You may think that pandas, Polars, and all dataframe libraries are quite similar. But are they really?
For example, do the following produce the same output?
import pandas as pd
import polars as pl
print(3 in pd.Series([1, 2, 3]))
print(3 in pl.Series([1, 2, 3]))
Try it out and see ;) Spoiler alert: they don't. pandas checks if 3
is in the index,
Polars checks if it's in the values.
For another example, try running the code below - note how the outputs have different column names after the join!
pd_df_left = pd.DataFrame({"a": [1, 2, 3], "b": [4, 5, 6]})
pd_df_right = pd.DataFrame({"a": [1, 2, 3], "c": [4, 5, 6]})
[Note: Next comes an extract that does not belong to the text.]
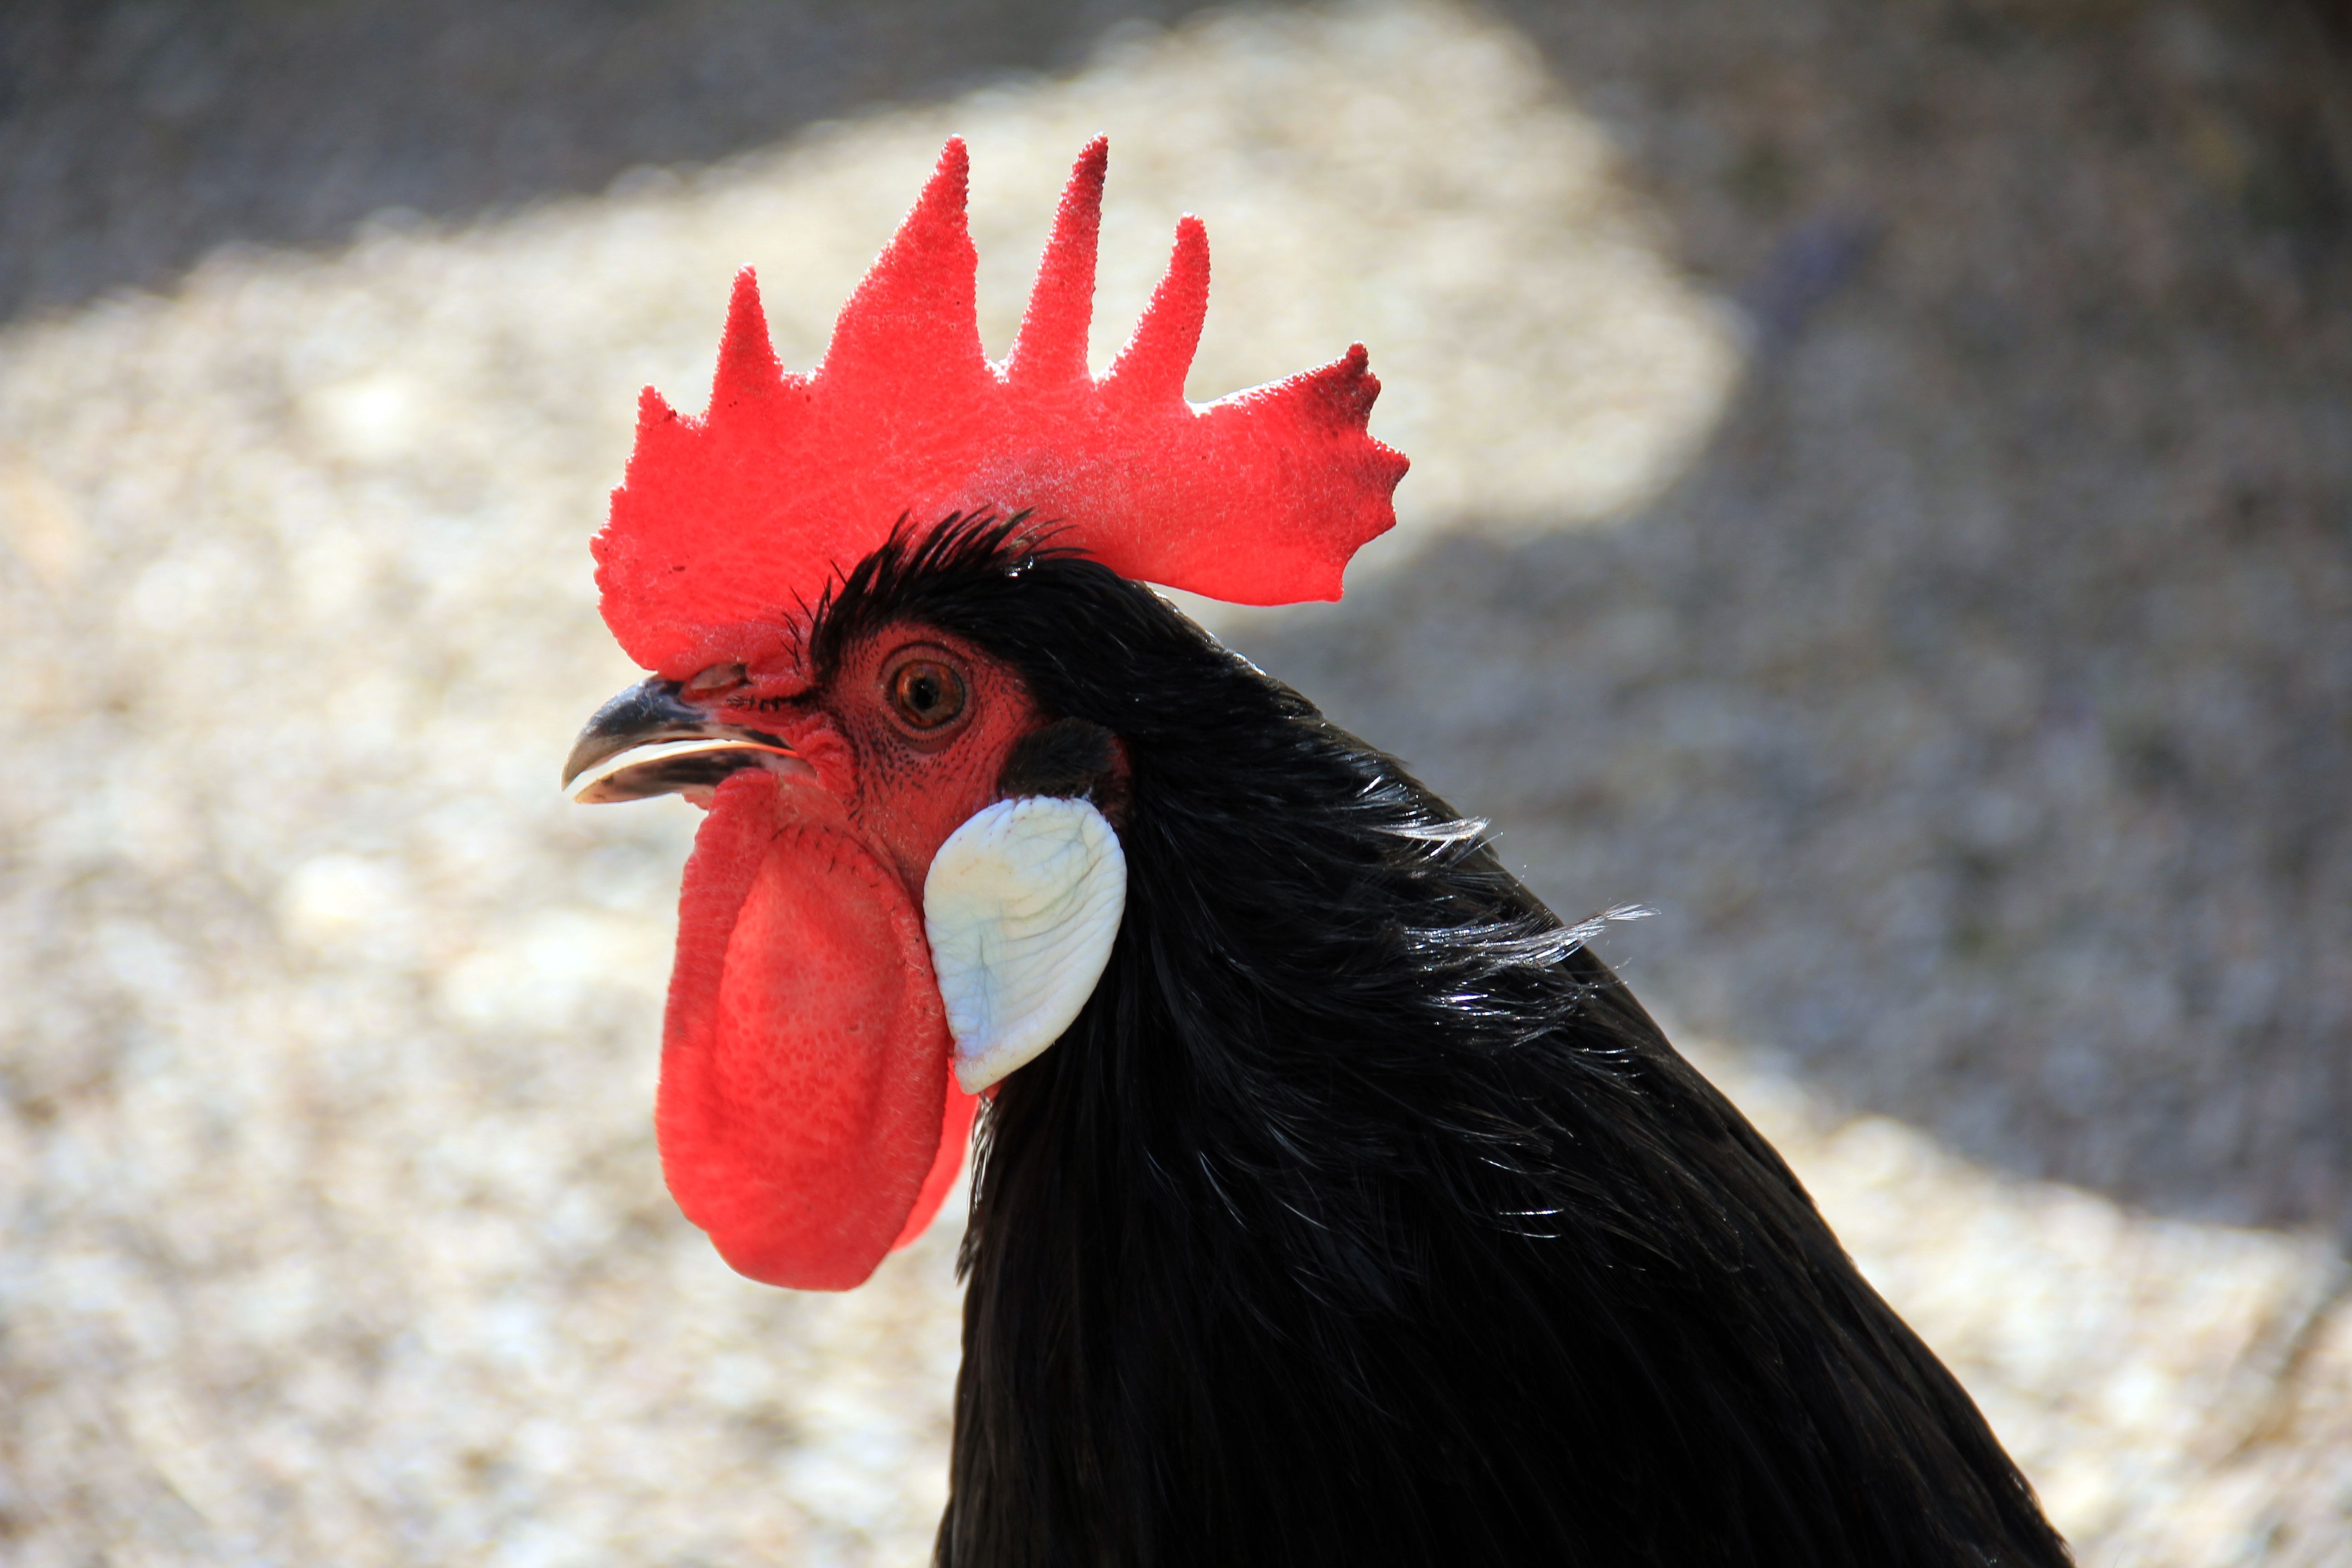 A black rooster with a red crest.

pd_left_merge = pd_df_left.merge(pd_df_right, left_on="b", right_on="c", how="left")
pl_df_left = pl.DataFrame({"a": [1, 2, 3], "b": [4, 5, 6]})
pl_df_right = pl.DataFrame({"a": [1, 2, 3], "c": [4, 5, 6]})
pl_left_merge = pl_df_left.join(pl_df_right, left_on="b", right_on="c", how="left")
print(pd_left_merge.columns)
print(pl_left_merge.columns)
There are several such subtle difference between the libraries. Writing dataframe-agnostic code is hard! But by having a unified, simple, and predictable API, you can focus on behaviour rather than on subtle implementation differences.
Furthermore, both pandas and Polars frequently deprecate behaviour. Narwhals handles this for you by testing against nightly builds of both libraries and handling backwards compatibility internally (so you don't have to!).